(DI-2311) Monitoring job was cancelled due to the exceeding the maximum runtime threshold

If any executed monitoring background job (job with the pattern “MON_<SYSTEMID>_<PROFILE>”) was cancelled in the transaction SM37, the collected KPI values and details are not reported as expected. The main reason why this job can be cancelled is that it reaches the maximum runtime threshold for the execution of the monitoring background jobs (by default, the maximum threshold is 600 seconds). If a specific monitoring job runs over this maximum runtime threshold value, the job is automatically cancelled by the monitoring itself.

Monitoring background job is sometimes also called collector job.

There are some recommended options how the failures of the specific monitoring job can be resolved.

Increase the maximum runtime of the monitoring background jobs

The default value of the threshold for the maximum runtime execution of the monitoring background jobs is 600 seconds. This default value can be increased into any suitable value (for example, 1800 seconds). This adjustment can be done by changing the value of the configuration property with technical name AGENT_MAX_RUNTIME available in the list of all configuration properties. Additionally, we highly recommend to create a new dependent configuration property where you only change the value for the specific monitored system ID and profile that are causing this monitoring job failure. Otherwise, this change will be applied for all existing and scheduled monitoring jobs.

The main disadvantage of this adjustment is that collected KPI values and details are reported only when this monitoring job is finished. In the case that the job is periodically long running, the data can be collected every 20 minutes instead of every 5 minutes as it was originally intended and scheduled.

Only one monitoring background job for the specific system and profile can be running at the same time. If the monitoring job is still running at the time when the next job should be started (so running more than scheduled monitoring time period, for example 5 minutes), the next monitoring job is finished but without any data collection as data is still collected from the previous run. If this scenario happens, you can also see the error message “Collector job is already running for system &1 and profile &2!” in the monitoring messages.

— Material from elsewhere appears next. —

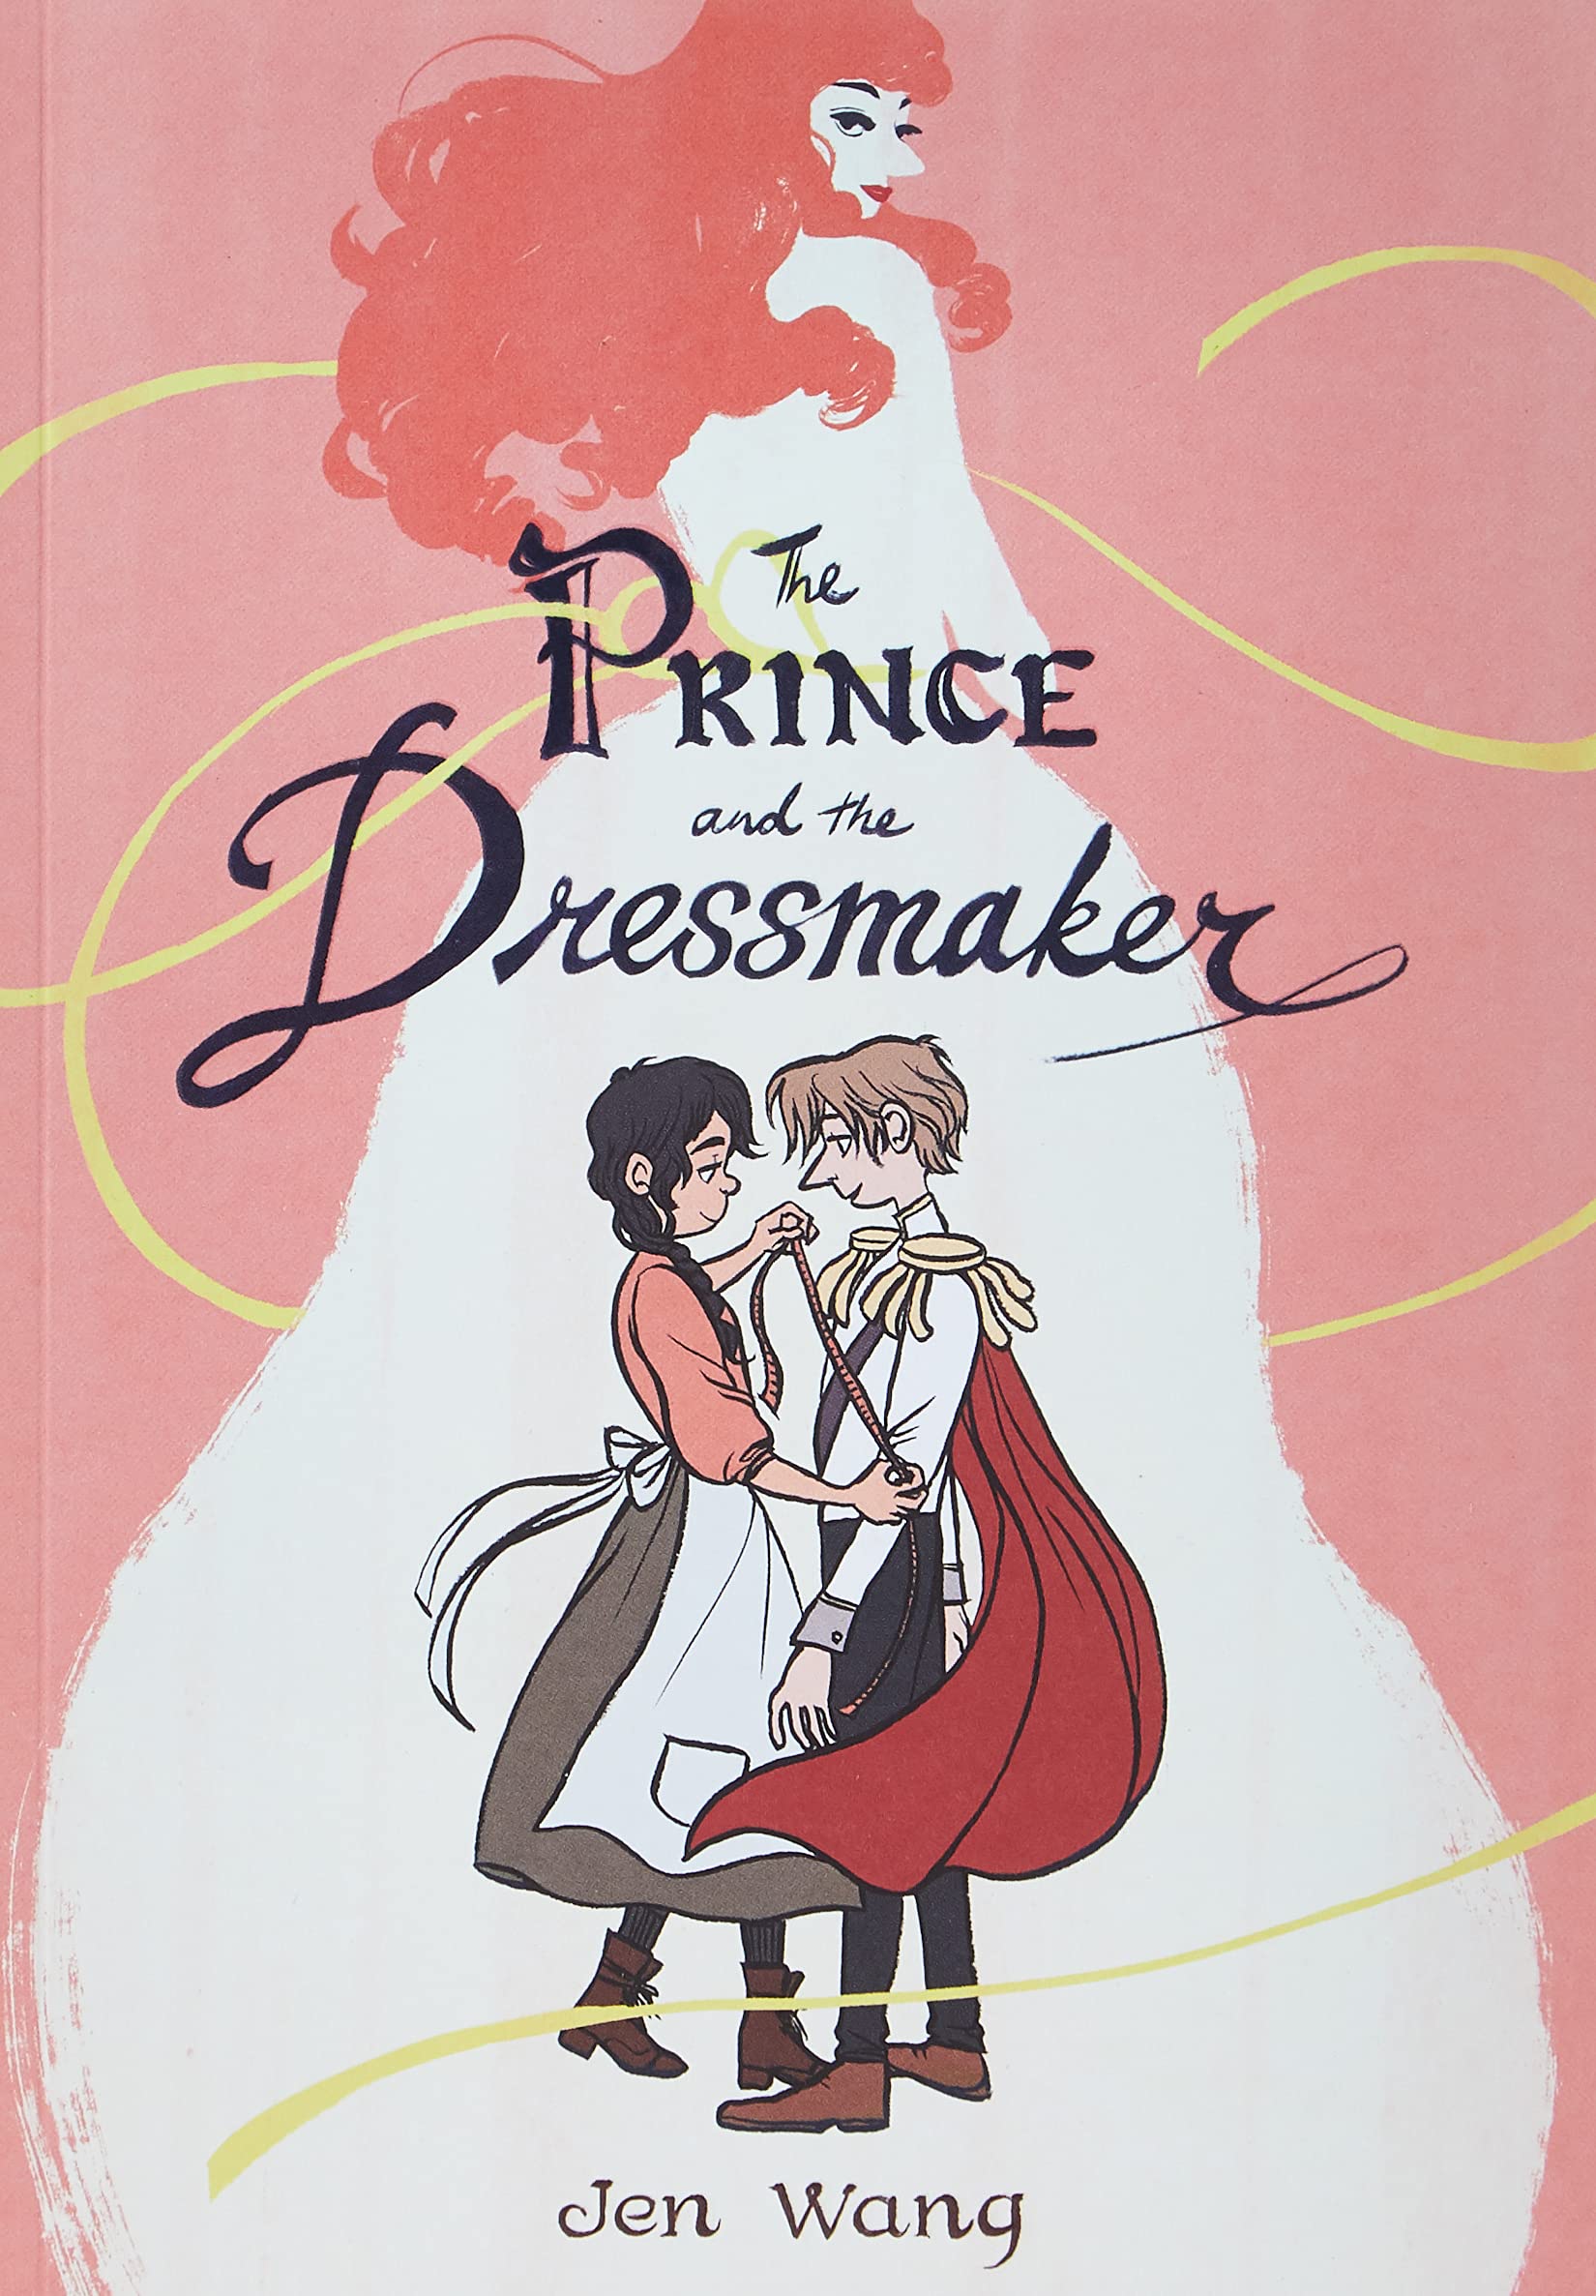 The prince and the dressmaker

Exclude a long-running collector from the specific monitoring job

The most common problem of the long-running monitoring job is that one specific collector executed within this job to collect data is long-running (for example, due to the processing too many data or high time-consuming database operations). For this reason, it’s better to exclude this specific problematic collector from this monitoring job to be able to collect other predefined KPI values and details within this job. To exclude a long-running collector from the specific monitoring job, you can follow these steps:

  1. Display the content of the table /DVD/MON_COLRUN (for example, via the transaction SE16).

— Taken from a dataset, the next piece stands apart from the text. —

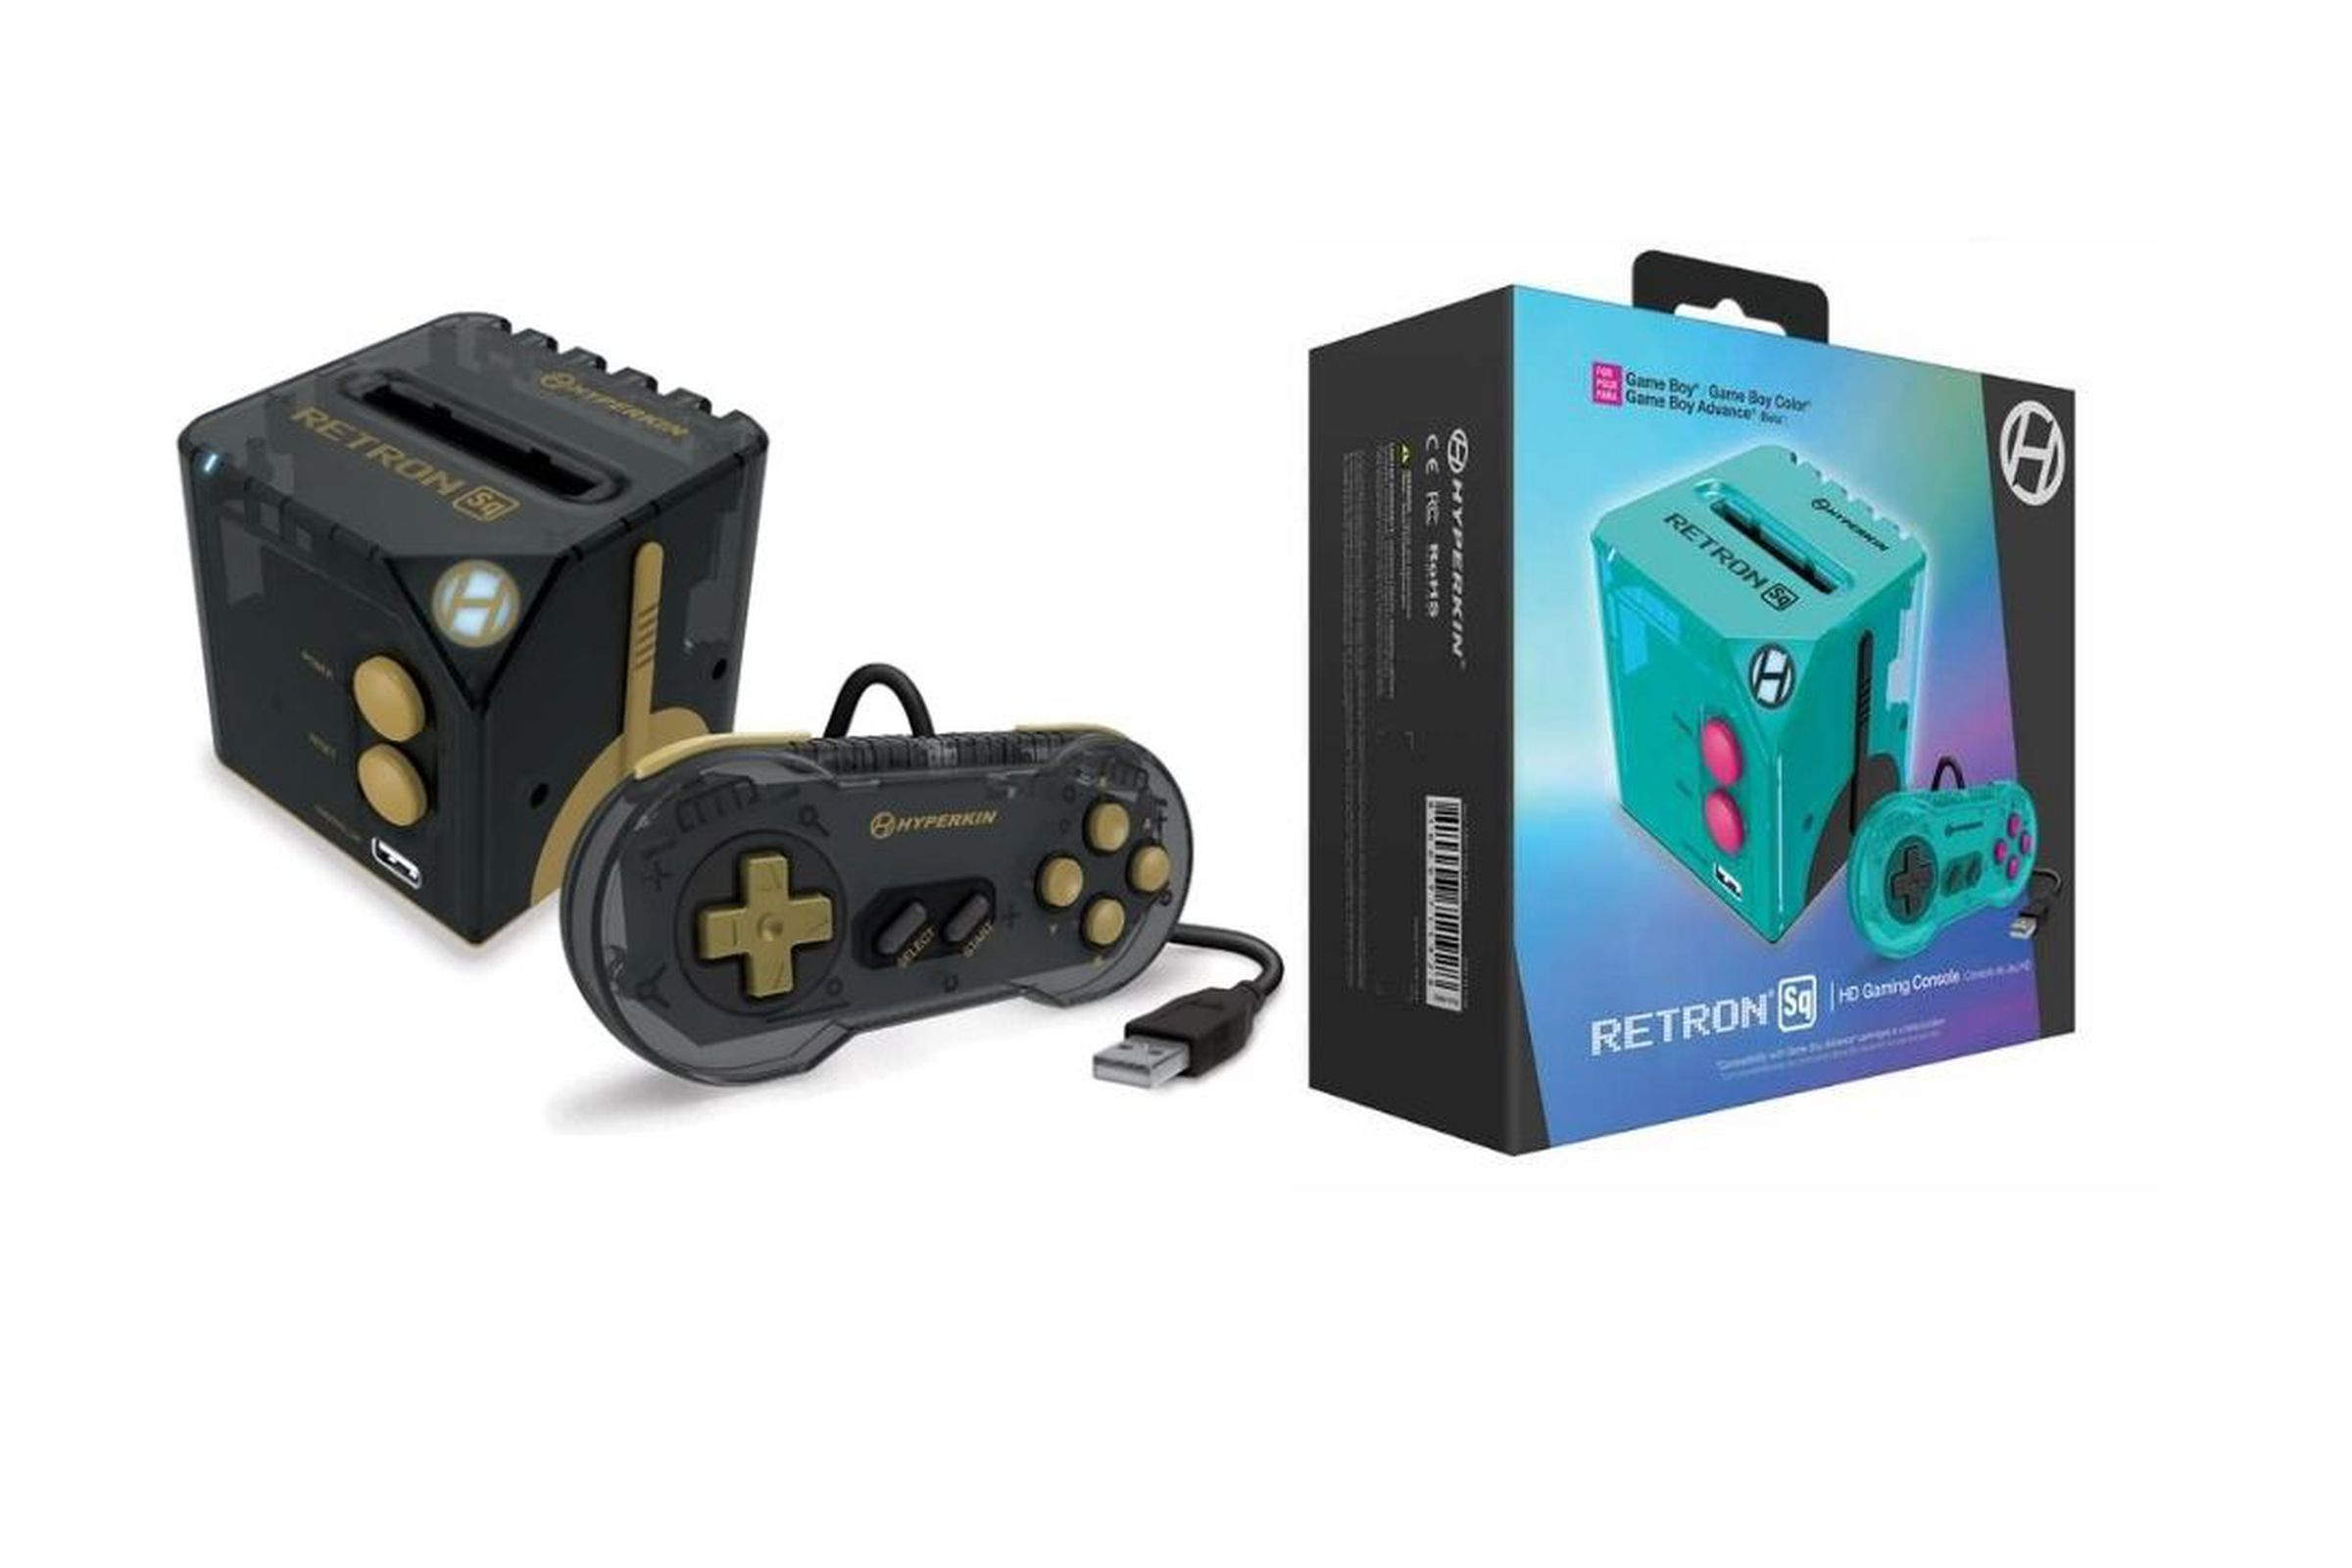 The RetroN Sq comes in two colors: “black gold” and “hyper beach.”

    1. (Optional) Specify the valid time range for the executed monitoring jobs.

    2. Define the System ID of the monitored system.

    3. Define the profile name of the monitoring job.

    4. (Optional) Specify the condition to display only records with an initial value for the field “END_TIME”.

  2. Use filter to only display the not finished collector(s), if the condition not specified in the previous step 1.d.

    1. Not finished/ended collectors have the initial value for the field “END_TIME”.

  3. Get the list of the not finished collectors and check their assigned KPIs.

  4. Exclude the identified KPI names from the monitoring profile as described on the page How to exclude default KPI(s) from default monitoring.

  5. (Optional) If you still want to monitor the excluded KPIs, you can schedule the Monitoring of these KPIs with a custom monitoring profile and increased period.

    1. In this scenario, we recommend to increase the maximum runtime of the background collector jobs for this custom monitoring profile.